Changing regulatory landscape
- This piece argues that security- and privacy-preserving models in the current technical paradigm are impossible; there’s just too much uncertainty in how they work. The author is quite serious about this, having chosen to quit Google in order to publish it. I’m very curious how this ends up interacting with the coming AI regulatory regimes and existing regimes like GDPR.
- EPIC has a very deep dive on proposed US government regulations, specifically the NIST’s AI Risk Management Framework. This one covers 102 specific actions across five recommendation areas, and several detailed followups are available here.

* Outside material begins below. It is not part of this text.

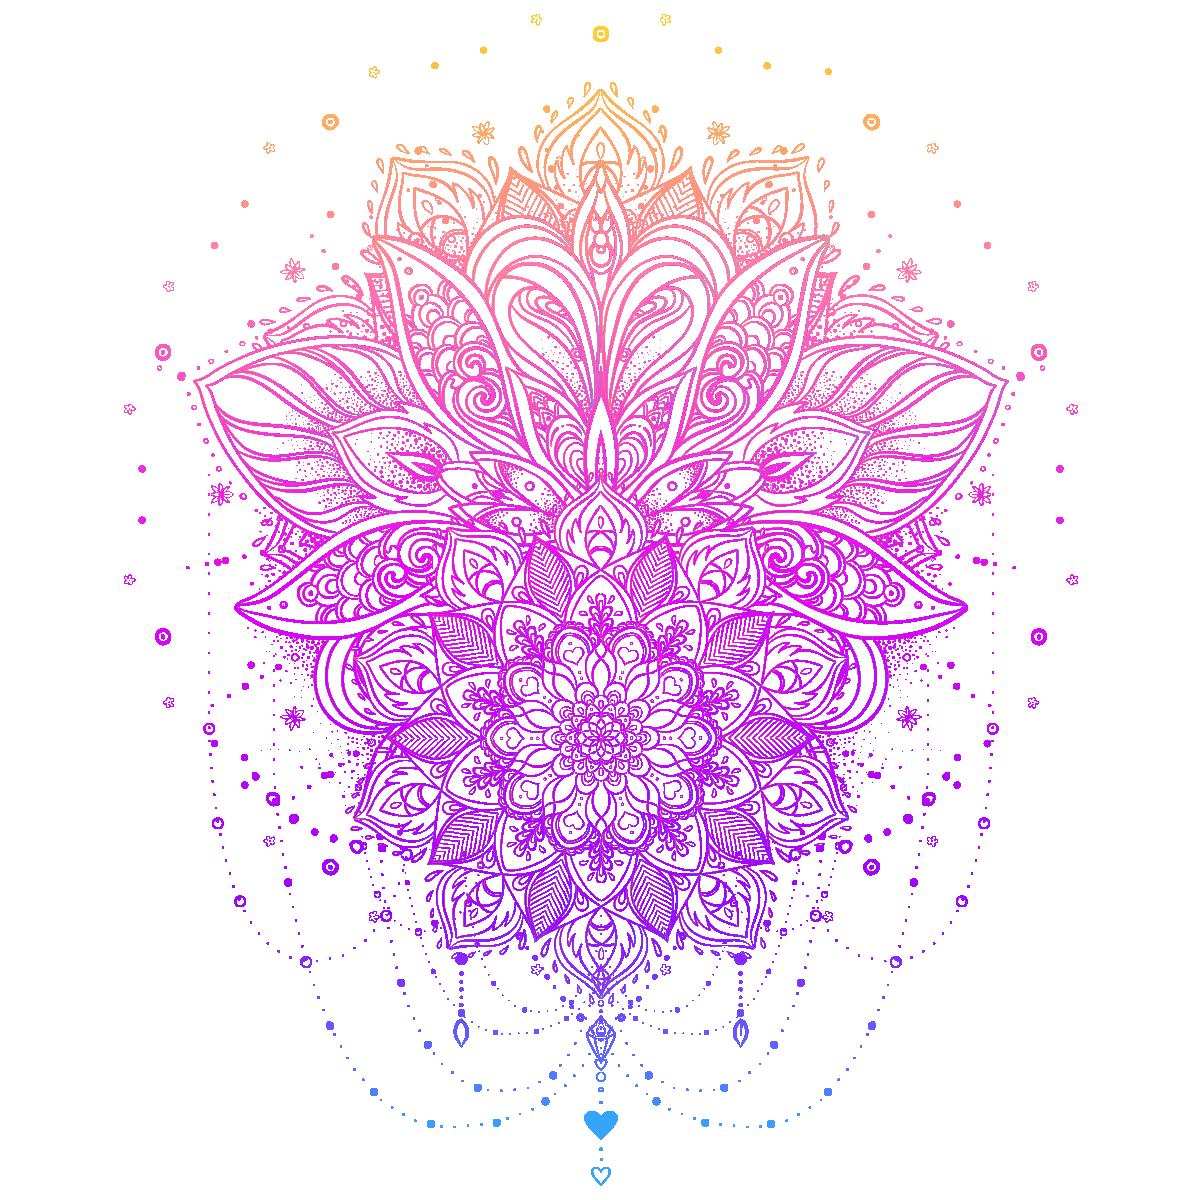 Sticker Boheme Fleur Mandala Stickers Nature Fleurs Ambiance Sticker

- In anti-collaboration news, I increasingly think that before LLMs create impactful “misinfo” themselves, they’ll accidentally create a misinfo crisis by burning out every human moderator on every platform, allowing human misinfo to flourish. Relevant to open, GitHub will be one of the first victims of moderator burnout.
- We continue to see more small-human-language LLMs, this time from South Africa.
- Good, short essay on why general-purpose AI tends to do better than special-purpose AI. Relevant to a traditional open approach of “build small pieces that can be reused”.
- A team including Mark Lemley have written a thorough summary of the state of American law on “Foundation Models and Fair Use”.
- StabilityAI, advised by Mark Lemley, has filed a motion to dismiss the copyright case against it. I have not had a chance to read all of it, but critically it alleges that the plaintiffs did not file for copyrights on the allegedly infringed works—which may end the case fairly quickly, without teaching us much about what the law is in this case.
- Recordings from the DAIR’s “Stochastic Parrots Day” are now available.
I’ve been re-reading classic machine-learning related science fiction; please leave comments or ping me if you have suggestions!
One thing that has jumped out at me is that in Stephenson’s Diamond Age, the ML-like software is referred to as “pseudo-intelligence”. I really like this—it captures the almost-but-not-quite thereness.